And the abandonment at night in the unprotected thoroughfares, which inspired horror in others; the cold, the rain, the snow,—were to them liberty and life.
They all spoke in a rough manner; their grammar and word-forms were incorrect; language in them leaped backwards into a curious atavic regression.
They spiced their talk with a long string of theatrical lines and "gags."
The four led a terrible life; they spent the morning and the afternoon in bed sleeping and didn't go to sleep again till dawn.
"We're like cats," La Mellá would say. "We hunt at night and sleep by day."
La Mellá, La Goya, La Rabanitos and Engracia would go at night to the centre of Madrid, accompanied by a white-bearded beggar with a smiling face and a striped cap.
The old man came to beg alms; he was a neighbour of the girls and they called him Uncle Tarrillo, bantering him upon his frequent sprees. He was utterly daft and loved to talk upon the corruption of popular manners.

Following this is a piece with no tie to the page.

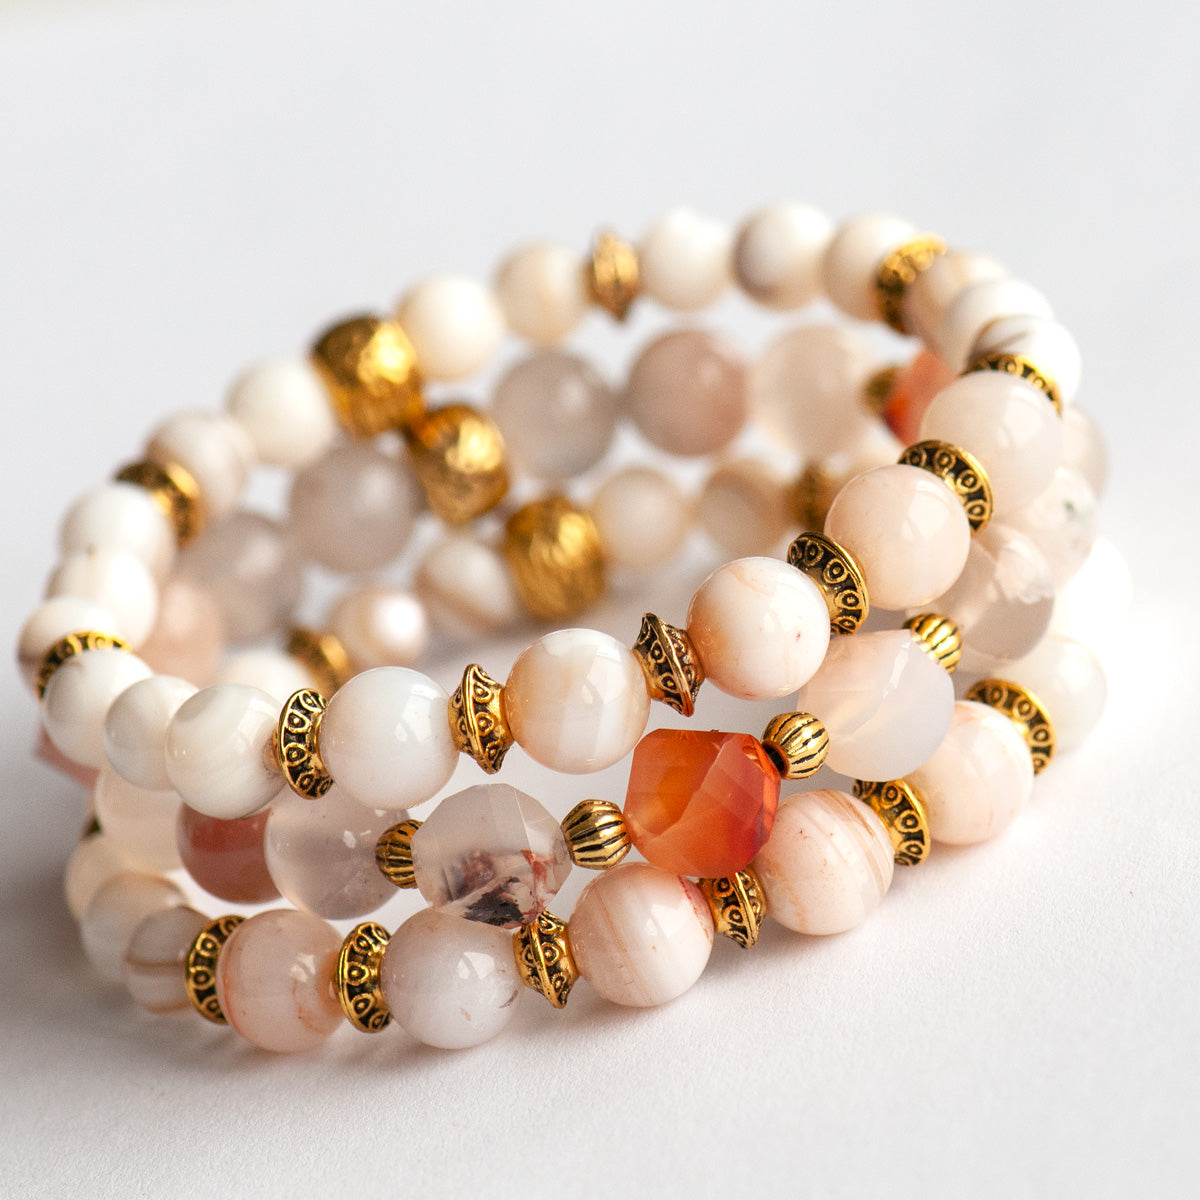 Peaches and Cream handmade gemstone bracelet set with cherry blossom agate beads and gold accents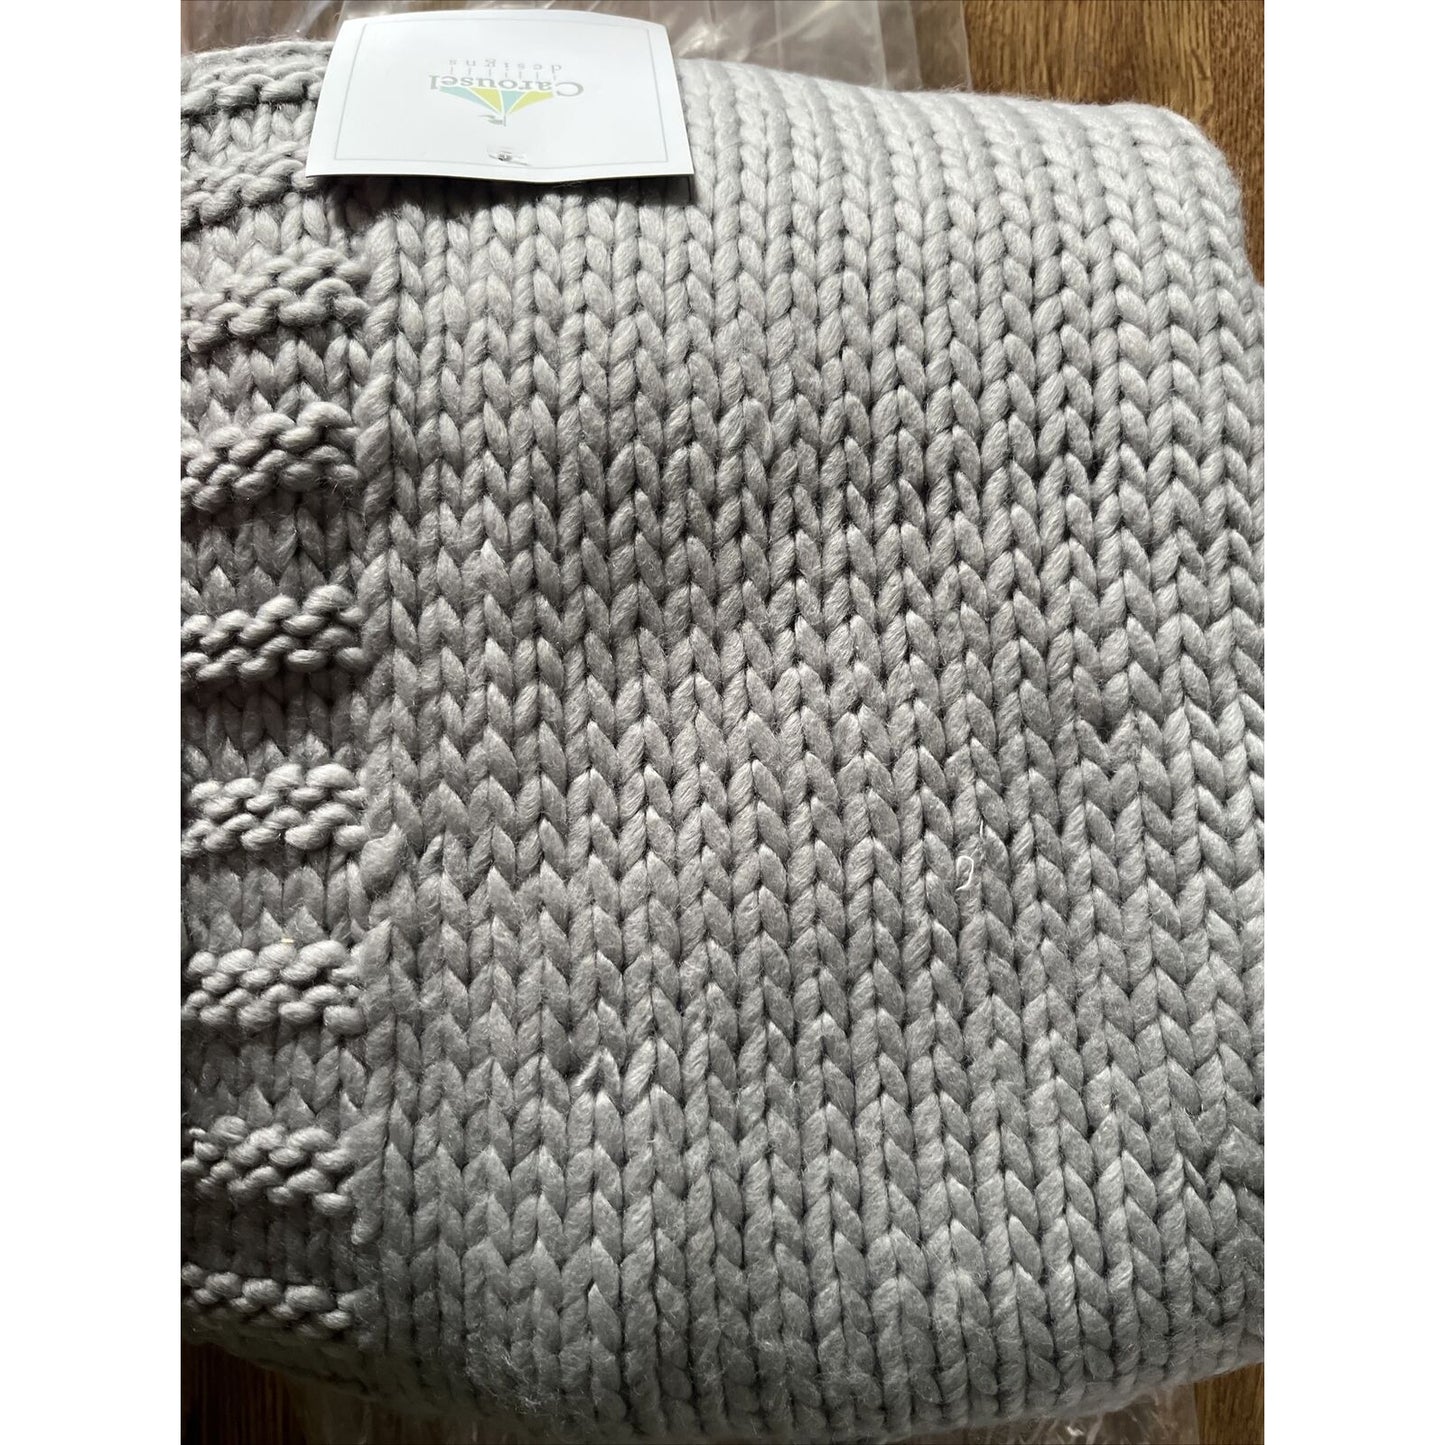 NoJo Kimberly Grant Large Gauge Cable Knit Baby Blanket in Grey Size 38" x 42"

La Mellá said that Uncle Tarrillo had tried, one night after they had returned alone from the Jardinillos del Deposito de Agua, to violate her and that he had made her laugh so much that it was impossible.
The mendicant would wax indignant at the tale and would pursue the indiscreet maid with all the ardour of an old faun.
Of the four girls the ugliest was La Mellá; with her big, deformed head, her black eyes, her wide mouth and broken teeth, her dumpy figure, she looked like the lady-jester of some ancient princess. She had been on the point of becoming a chorus-girl; she was balked, however, for despite her good voice and excellent ear for music, she could not pronounce the words clearly because of her missing teeth.